The Automatic Link Dongle From Automatic Labs
The Automatic Link Dongle From Automatic Labs
The dongle plugs into the On-board Diagnostics II (OBD II) port that's found in vehicles made after 1996. Auto mechanics plug computers into this port to check on the health of a car's engine.

"The key here is the app that translates what the reader is seeing into something a regular driver could use in real time," said Rob Enderle, principal analyst at the Enderle Group. "I have one I bought off Amazon, but it works like a regular reader and doesn't provide real time information."

Enderle got the BAFX ELM 327 Bluetooth OBD2 scan tool, which is Android compatible and available for US$24. "There are plenty of OBD II solutions out there already," Mark Fitzgerald, an associate director at Strategy Analytics told TechNewsWorld. "I have one in my car and it relays a bunch of real time."

Automatic Labs did not respond to a request to comment for this story. The company is now taking pre-orders for the Link, with shipment expected in May.

Automatic Link Features

The Automatic Link uses a smartphone's GPS, data plan and Bluetooth 4.0 technology. It offers what Automatic Labs calls "subtle automatic cues" -- when drivers stomp on the gas or brakes, or exceed the speed limit -- and displays detailed information about how much a user drives and where. It also displays the actual gas consumption for all trips, detects fillups and tracks local gas prices.

If a driver is involved in a crash, the Automatic Link will report the crash to 911, first responders or other local authorities. The user's name, location and vehicle description will be sent, provided the Link is plugged in and the user is logged into the Automatic app. It will then send a text message to the driver's family to keep them informed.

The Automatic Link will also alert drivers with a push notification when the "check engine" light comes on, then retrieve the engine trouble codes, show the driver what they mean, and in some instances offer possible solutions. It also remembers where drivers parked their vehicles.

There's a one-time charge of $69.95 for the Automatic Link and app. Users will get over-the-air software updates when they are available.

An Android version of the app will ship this fall.

Instant Smart Car?

"Anything with a dongle screams niche or non-mass market," Roger Lanctot, an associate director at Strategy Analytics, told TechNewsWorld. "It's the kind of product that sounds great in theory, but needs a value added partner like a wireless carrier or insurance company to have it make sense."

Insurance companies already offer similar dongles that track users' driving habits and the distances they drive so they can fine-tune their coverage.

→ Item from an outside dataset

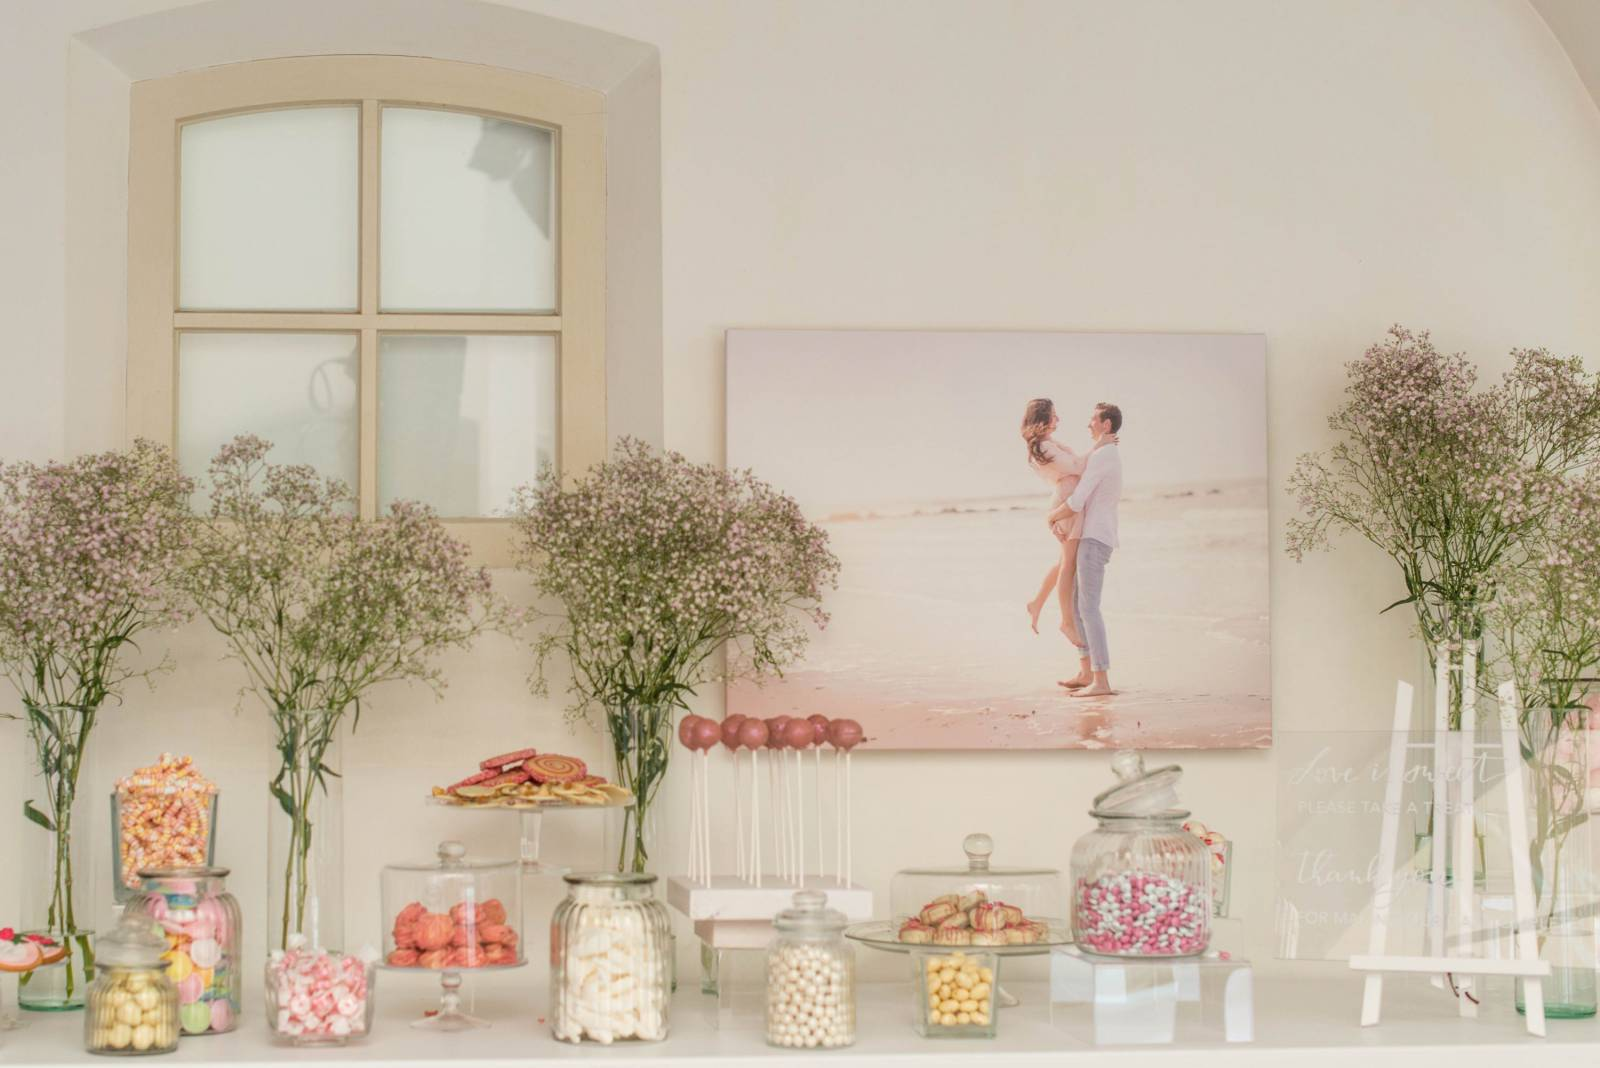 Feriatus - Wedding Planner - Event Planner - House of Weddings - 13

Some features of the Automatic Link may be redundant; many late-model cars offer mileage consumption details while on the move, for example.

However, "an app like this can give you the information your dash doesn't with regard to the nature of the problem, what you need to do about it, and -- most important -- when," Enderle told TechNewsWorld. "Often an idiot light comes on when the problem is catastrophic, and then you still may not know whether you can keep driving or should stop the car immediately."

The Automatic Link may be able to save a user money in other ways, thanks to the detailed information about OBD II codes, Enderle suggested. "When you go to a mechanic, you'll have a better chance of not being screwed because you know what is actually wrong."

The auto industry "won't care" about the Automatic Link, Lanctot said. "There were three similar products launched at the Consumer Electronics Show from Audiovox, Directed, and Verizon and Delphi."